Però forse è così, semplicemente così, che avremmo dovuto mettere tutta la faccenda di Mirafiori, e di Pomigliano prima: senza pretendere di spiegare agli operai cosa è meglio per loro. Senza sparare affermazioni definitive – «con Marchionne senza se e senza ma» – basate sul nulla: cosa si sapeva, del piano di investimenti su Mirafiori? Un cazzo di niente, ecco cosa, e infatti son bastate un paio di settimane – un lutto molto breve, invero – per parlare di trasferimento della baracca in America. Tiro rapidamente corretto, ma di certo come segnale non è il massimo. Un Governo men che normale, certe cose le avrebbe verificate, avrebbe magari vincolato il piano industriale allo sviluppo di un nuovo motore, sperabilmente di quelli ecologici: per non parlare del piano occupazionale. E' quel che fanno i Paesi seri, perché fidarsi è bene ma i precedenti non sono incoraggianti, e tutta questa partita è stata giocata a furia di puntate al buio, e non è proprio il caso. Dal Governo, e anche da alcuni esponenti della sinistra: che almeno serva di lezione.
La serietà non è di destra o di sinistra, e non bisogna aver paura di passar per comunisti solo perché, anche se si è disposti a fare qualche sacrificio come Paese e come popolo, si pretende di sapere se ne varrà la pena: del resto è quel che hanno fatto gli americani, e la gran parte di loro non sa nemmeno come si scrive, la parola comunismo. Hanno fatto bene, e fanno bene a esserne orgogliosi, oggi: e noi, con tutta la nostra superiore cultura, avremmo dovuto far come loro, esattamente the same.
In quel caso sì, che pure noi potremmo essere tutti un po' più orgogliosi.

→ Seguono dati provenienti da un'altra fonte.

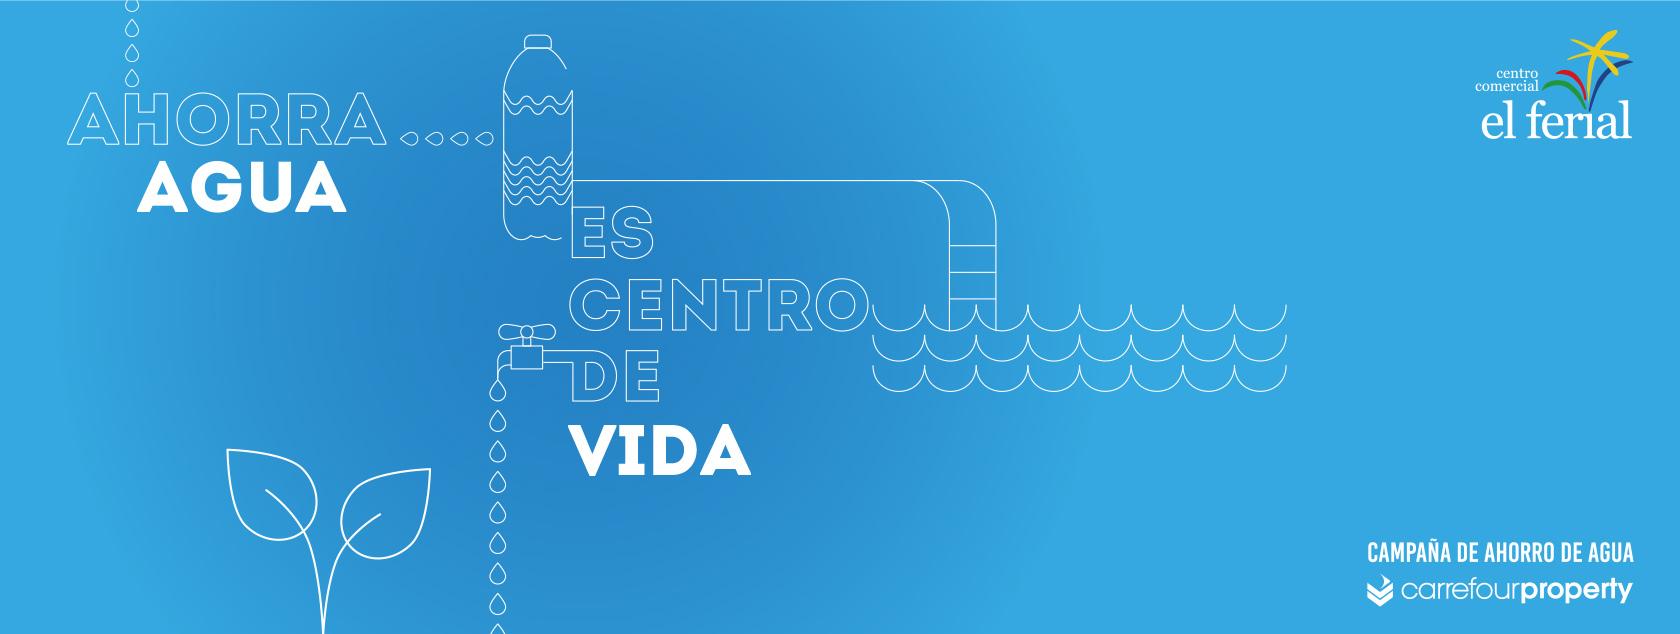 Ahorra agua, es centro de vida

  1. Bene, finalmente, dopotutto non ci voleva molto, era una semplice questione di buon senso.

    utente anonimo
  2. le fiat saranno pure bidoni, peró hanno ottimi motori.

    utente anonimo
  3. questo blog è molto bello molto ben curato vieni a visitare anche il mio^^

  4. Contrariamente a quanto affermato su questo articolo,dal 1976 ho sempre acquistato fiat e mi sono trovato bene.Ciò non toglie che il comportamento di questa azienda,con il supporto dei sindacati(cisl e uil in particolare),della classe politica e degli organi di informazione,sia stato rivoltante,non si propongono e non si accettano accordi al ribasso,in un paese che,anche per demerito dei sindacati,ha gli stipendi più bassi della zona euro e non solo.Mi sono occupato per più di 30 anni di organizzazione del lavoro e di contratti capestro,avallati dai sindacati,ne ho visti e subiti parecchi.Se la fiat vuole l'efficienza tedesca cominci a pagare stipendi tedeschi,se la produttività in italia è più bassa ci possono essere solo 2 cause,il gruppo dirigente non è all'altezza della situazione oppure la tecnologia è obsoleta.L'operaio,l'impiegato se ben supportato fa il proprio dovere e lo fa pure bene.Il mancato rispetto dei ruoli che compongono l'attività produttiva ha portato al deterioramento del tessuto industriale,consentendo grandi speculazioni a pochi personaggi privi di scrupoli.In conclusione,se la fiat se ne vuole andare,vada,prima però restituisca i denari che ha frodato agli italiani.